*** Data provided ***

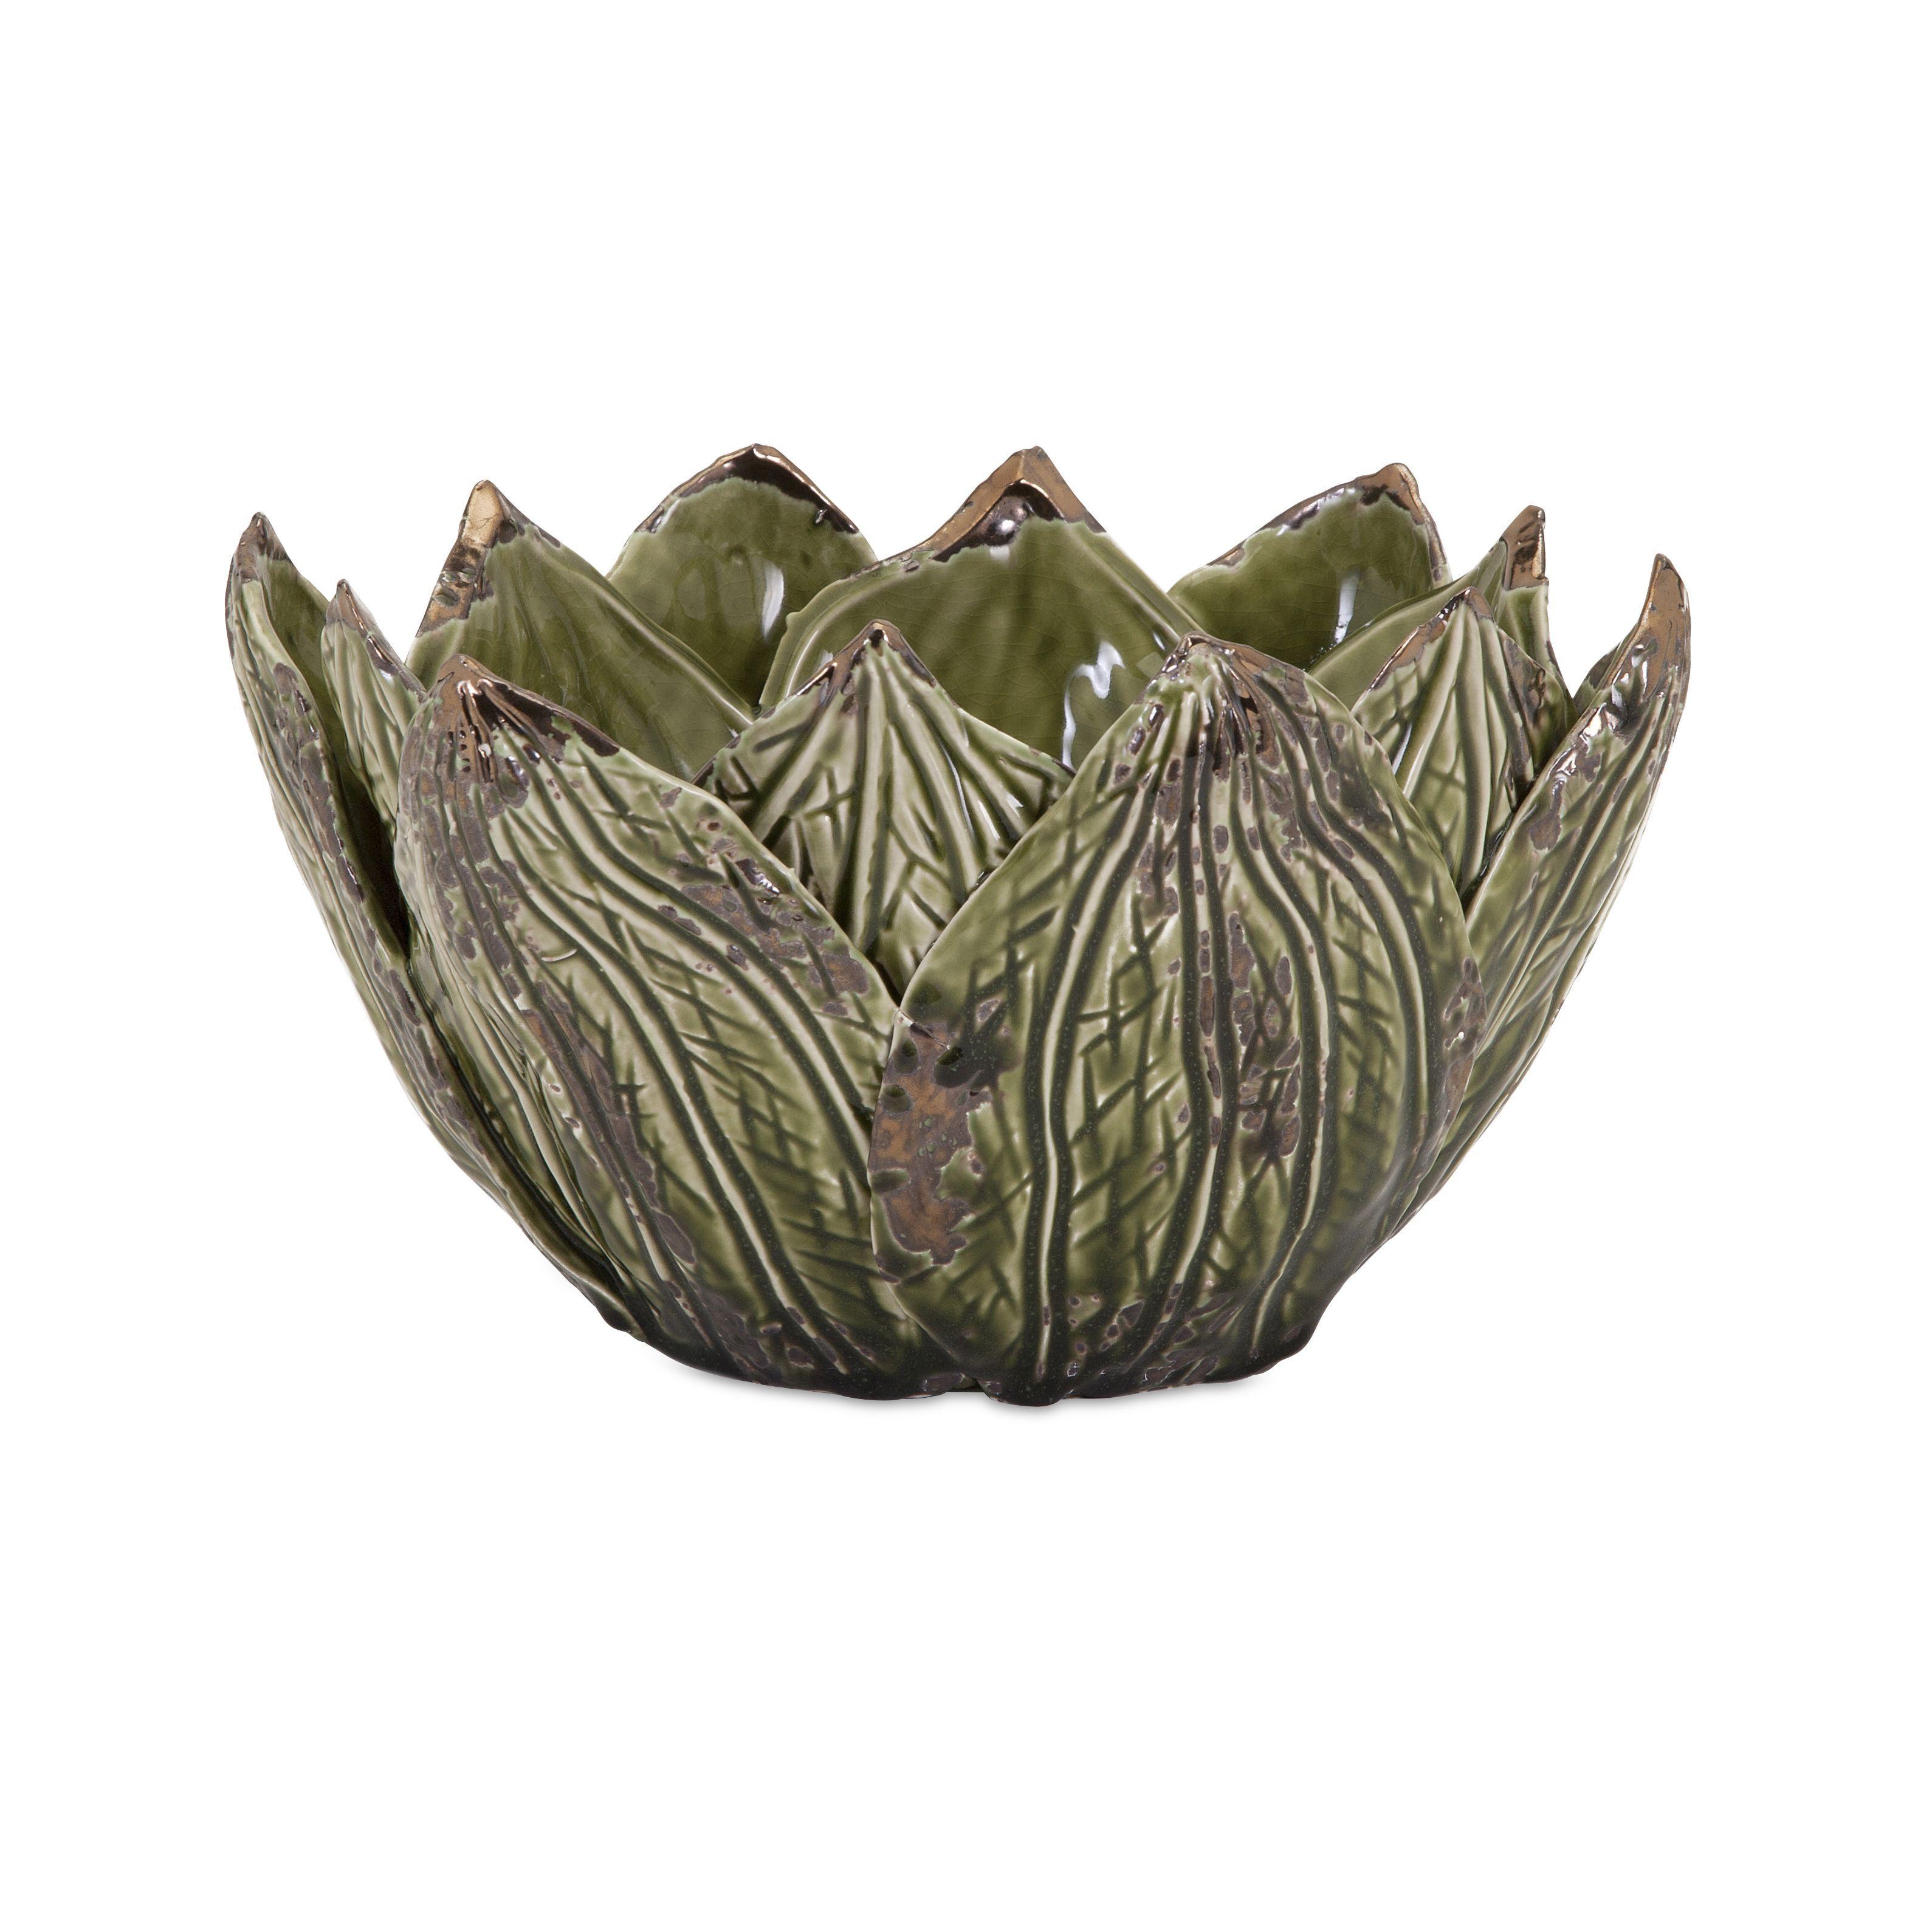 Soho wiley large vase greenpurple ceramic ceramics soho wiley large vase greenpurple ceramic reviewsmspy
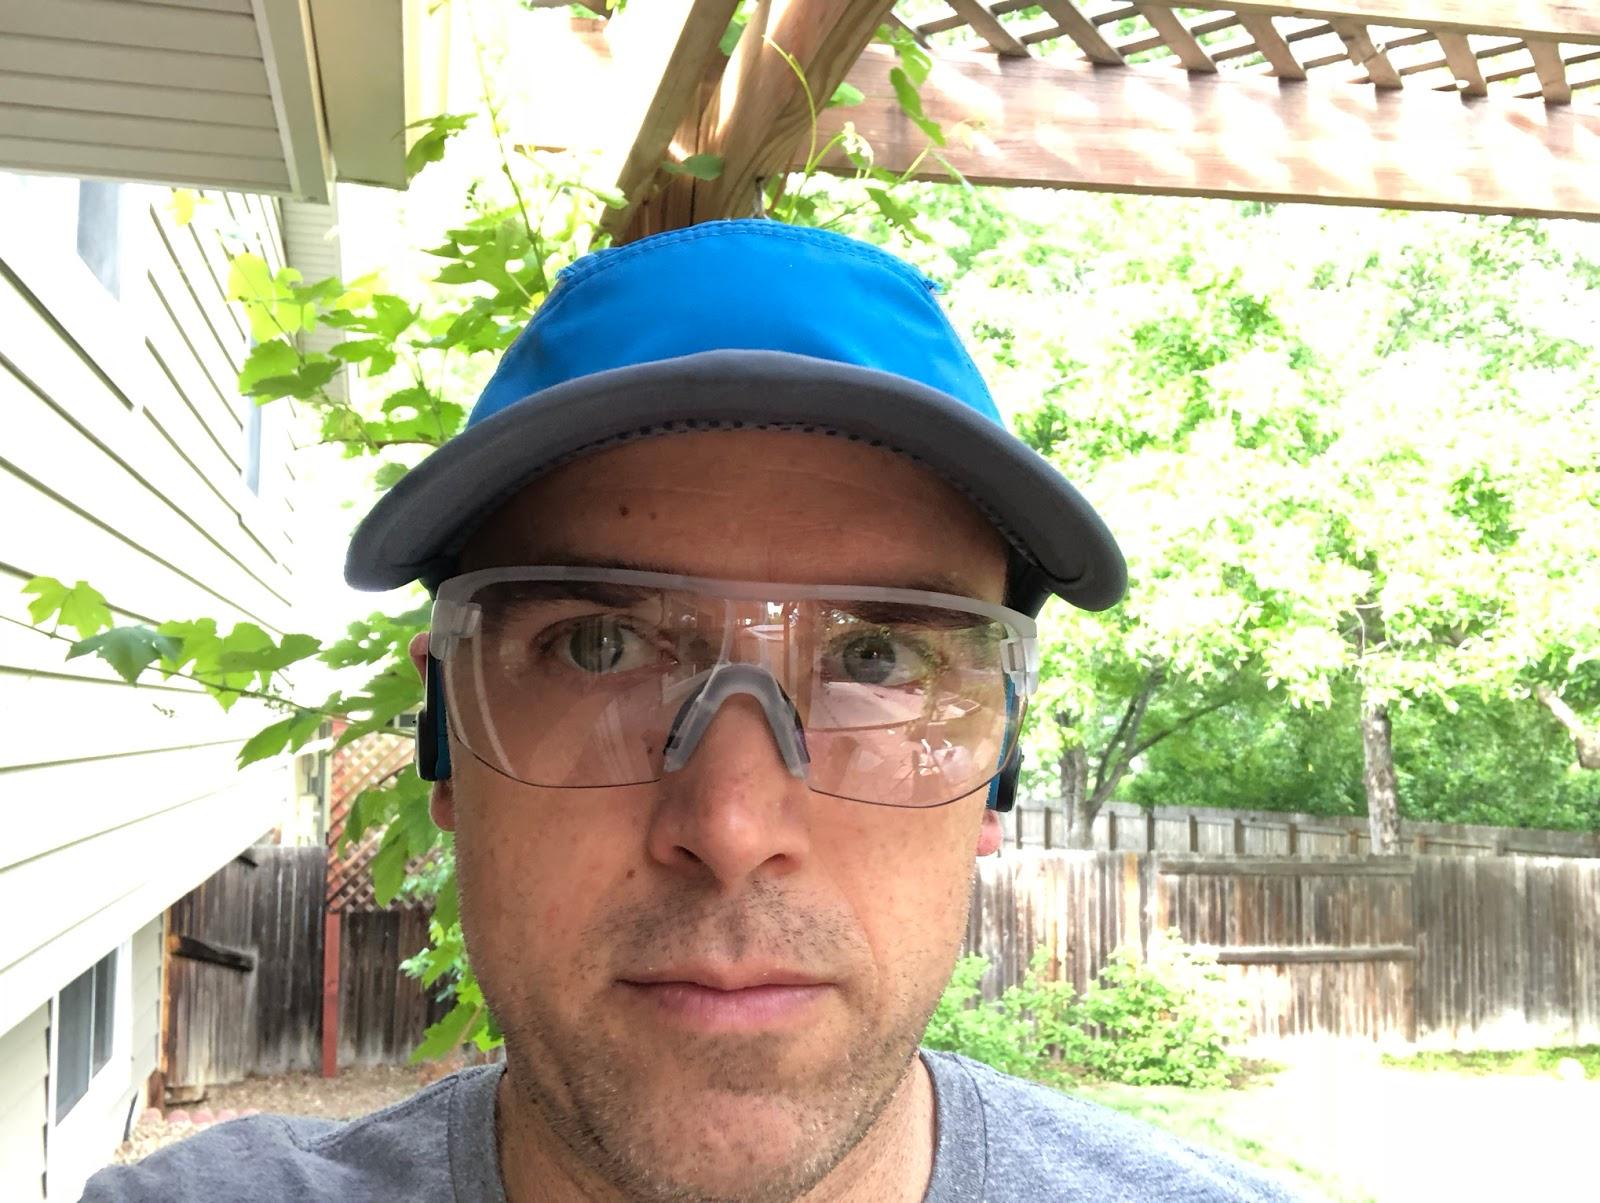 Fondo verde seguramente Señor  Road Trail Run: adidas Zonyk Aero Midcut Pro Sunglasses Review
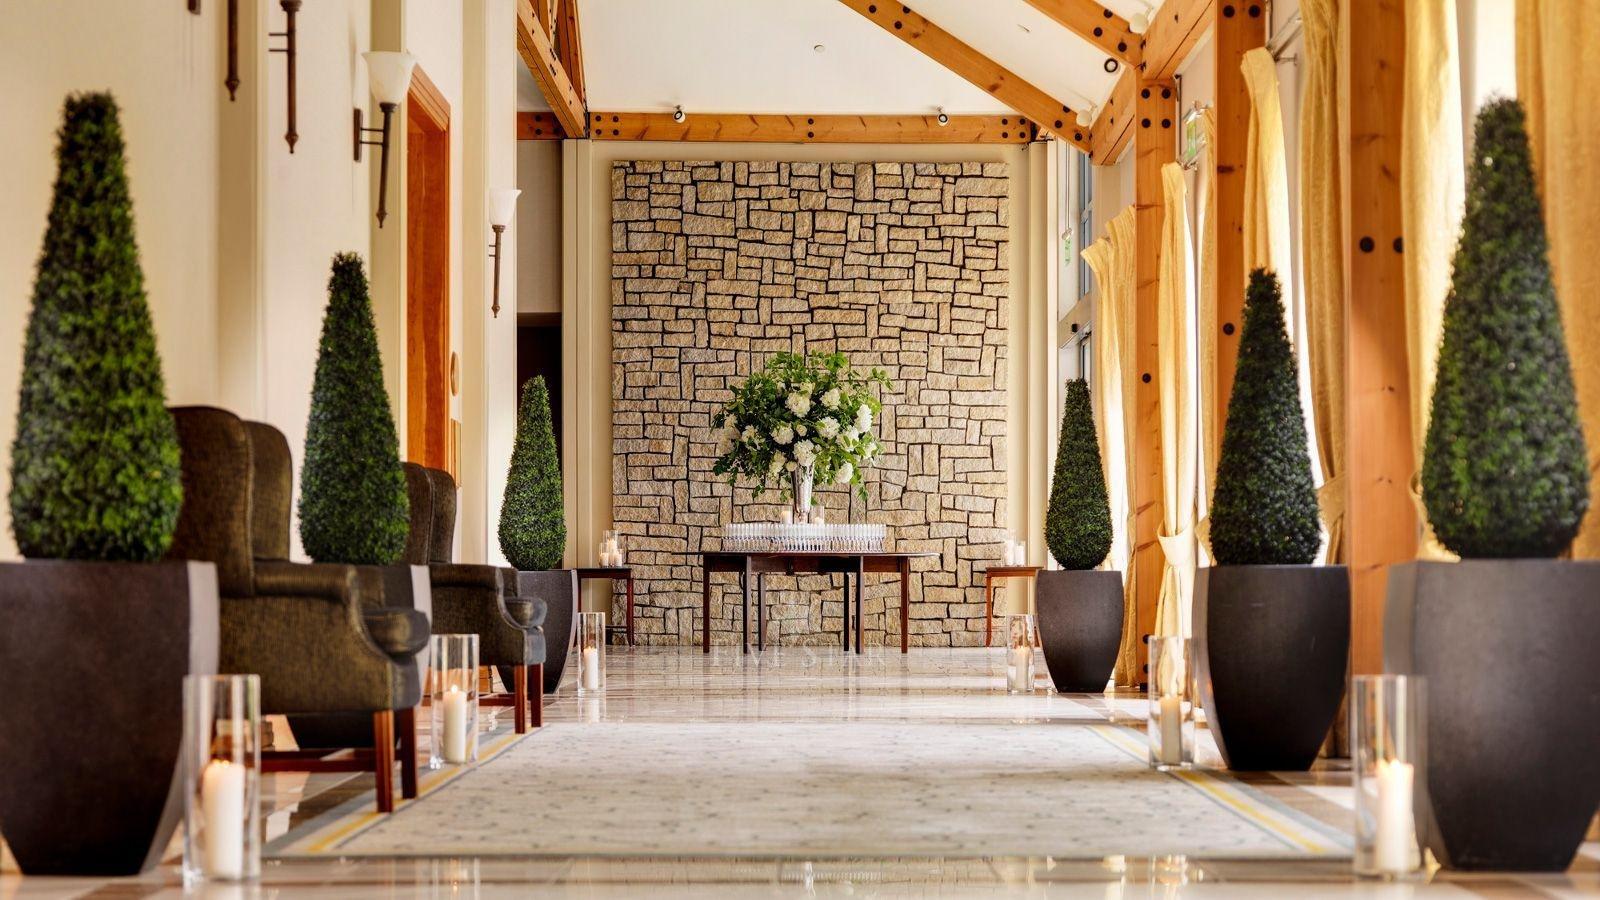 Druids Glen Hotel & Golf Resort photo 6

***

Task item | Exact copy, no pictures: reproduce the whole listing above.

Task result |
 Soho wiley large vase greenpurple ceramic ceramics soho wiley large vase greenpurple ceramic reviewsmspy
 Fondo verde seguramente Señor  Road Trail Run: adidas Zonyk Aero Midcut Pro Sunglasses Review
 Druids Glen Hotel & Golf Resort photo 6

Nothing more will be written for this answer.